House counsel told the committee that House Bill 4352 would ban cameras in the bedrooms and bathrooms of foster children while allowing limited exemptions, such as age‑appropriate baby monitors and devices used for children with specified medical diagnoses. Counsel said exempted devices must be placed in a conspicuous location and may not be hidden, concealed or obscured.

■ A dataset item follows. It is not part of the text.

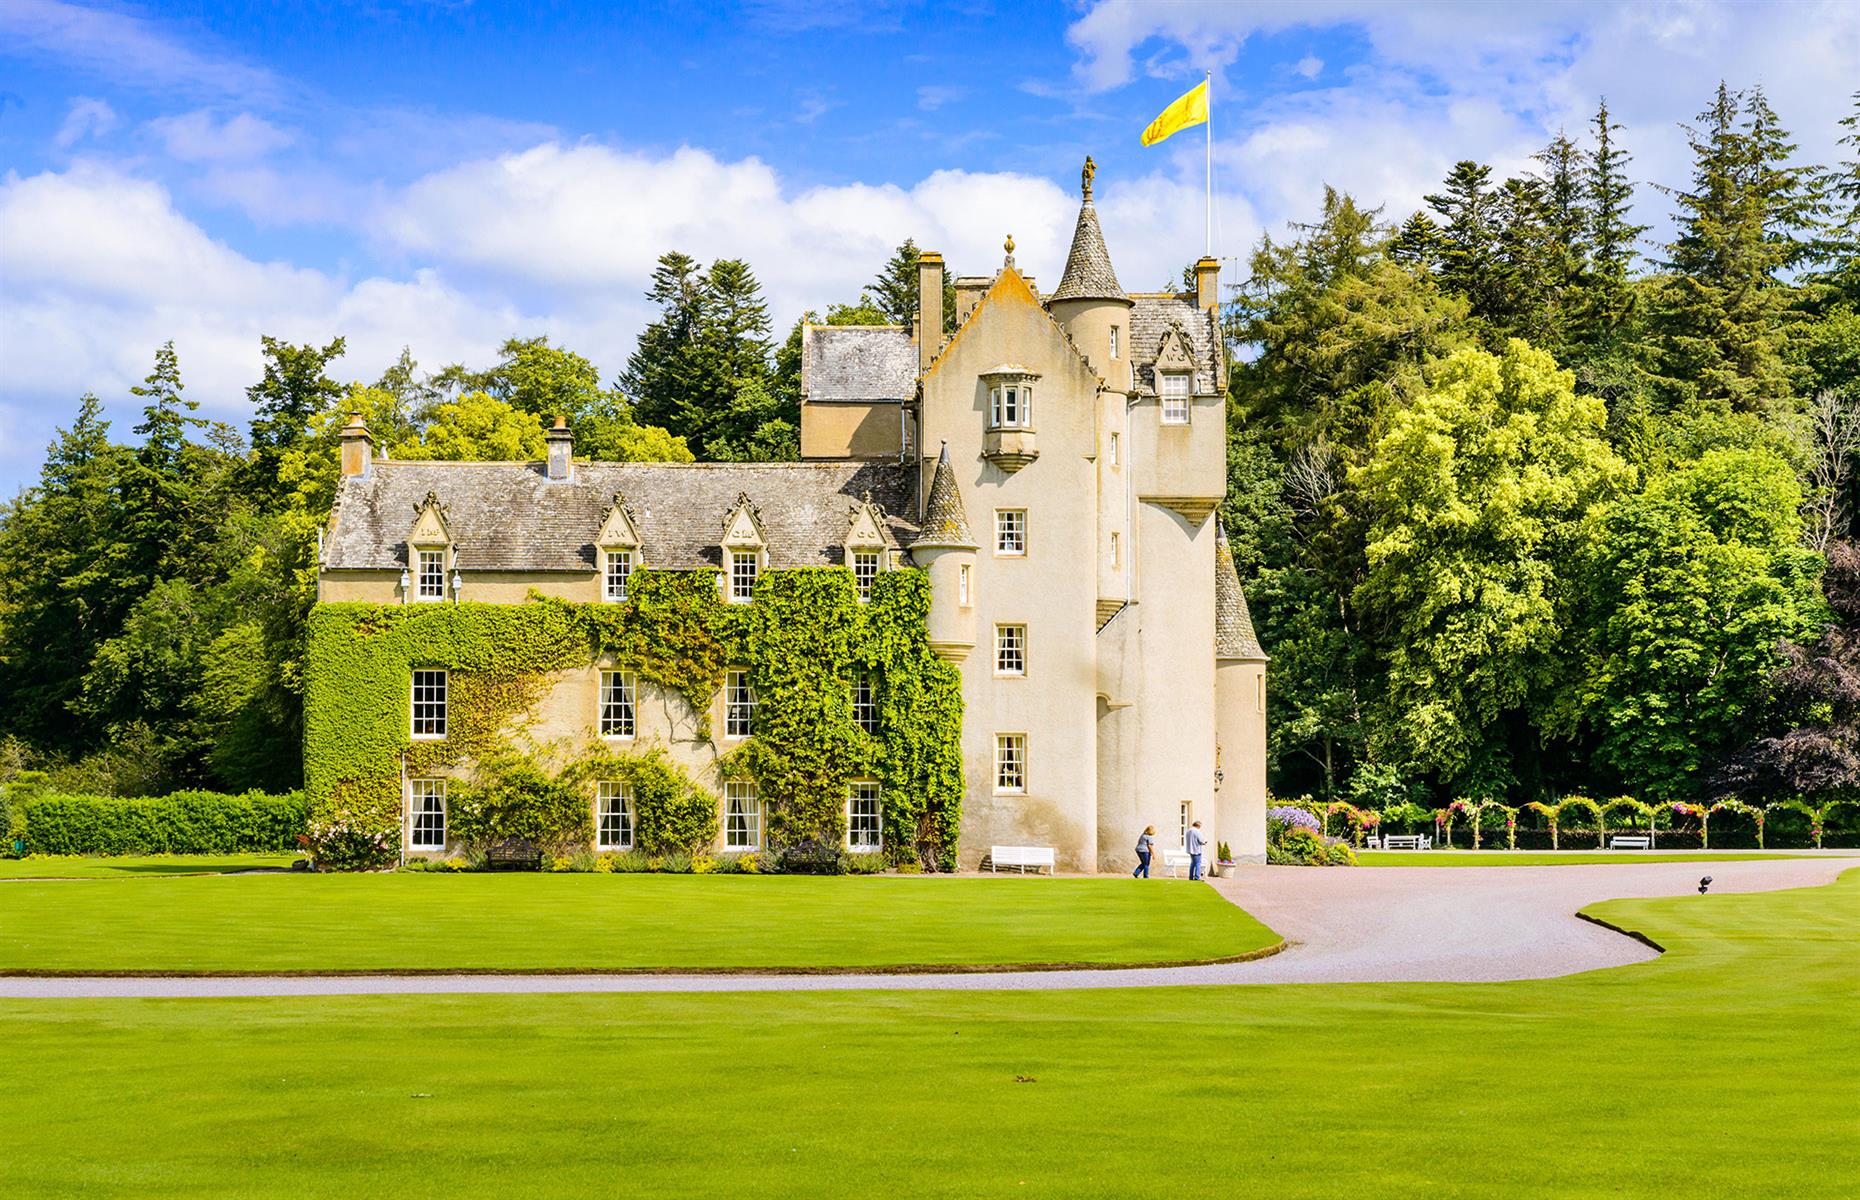 <p><a href="https://www.loveexploring.com/news/84965/what-to-see-and-do-where-to-stay-in-aberdeenshire">Aberdeenshire</a> is known as castle country – they are seemingly everywhere – which is why fortresses such as this often get overlooked. In the heart of Scotland's single malt whisky region of Speyside, <a href="https://www.ballindallochcastle.co.uk/">Ballindalloch</a>, whose oldest part dates from the 16th century, is still a family home and has been developed by successive members of the Macpherson-Grant family over the years to become a bona fide Scottish Baronial palace.</p>

The amendment explained by counsel also sets the maximum baby‑monitor age at 4 and adds an explicit prohibition against recording private activities, such as toileting. "The proposed bill prohibits cameras in the bedrooms and bathrooms of foster children and provides for exemptions such as baby monitors when age appropriate for the child," counsel said during the committee explanation.
After brief questions, the vice chair moved the counsel‑explained amendment. The committee adopted the amendment by voice vote and then voted to report HB 4352 to the full Senate with a recommendation that it pass as amended under the original double committee reference, with the first referral to the Committee on Judiciary.
The committee did not record a roll‑call tally in the transcript; the chair announced by voice that "the ayes have it." The measure will next go to the Senate for floor consideration.
The committee discussion focused on the bill’s exemptions and safeguards (labeling and conspicuous placement of exempted devices) rather than policy tradeoffs between monitoring and privacy.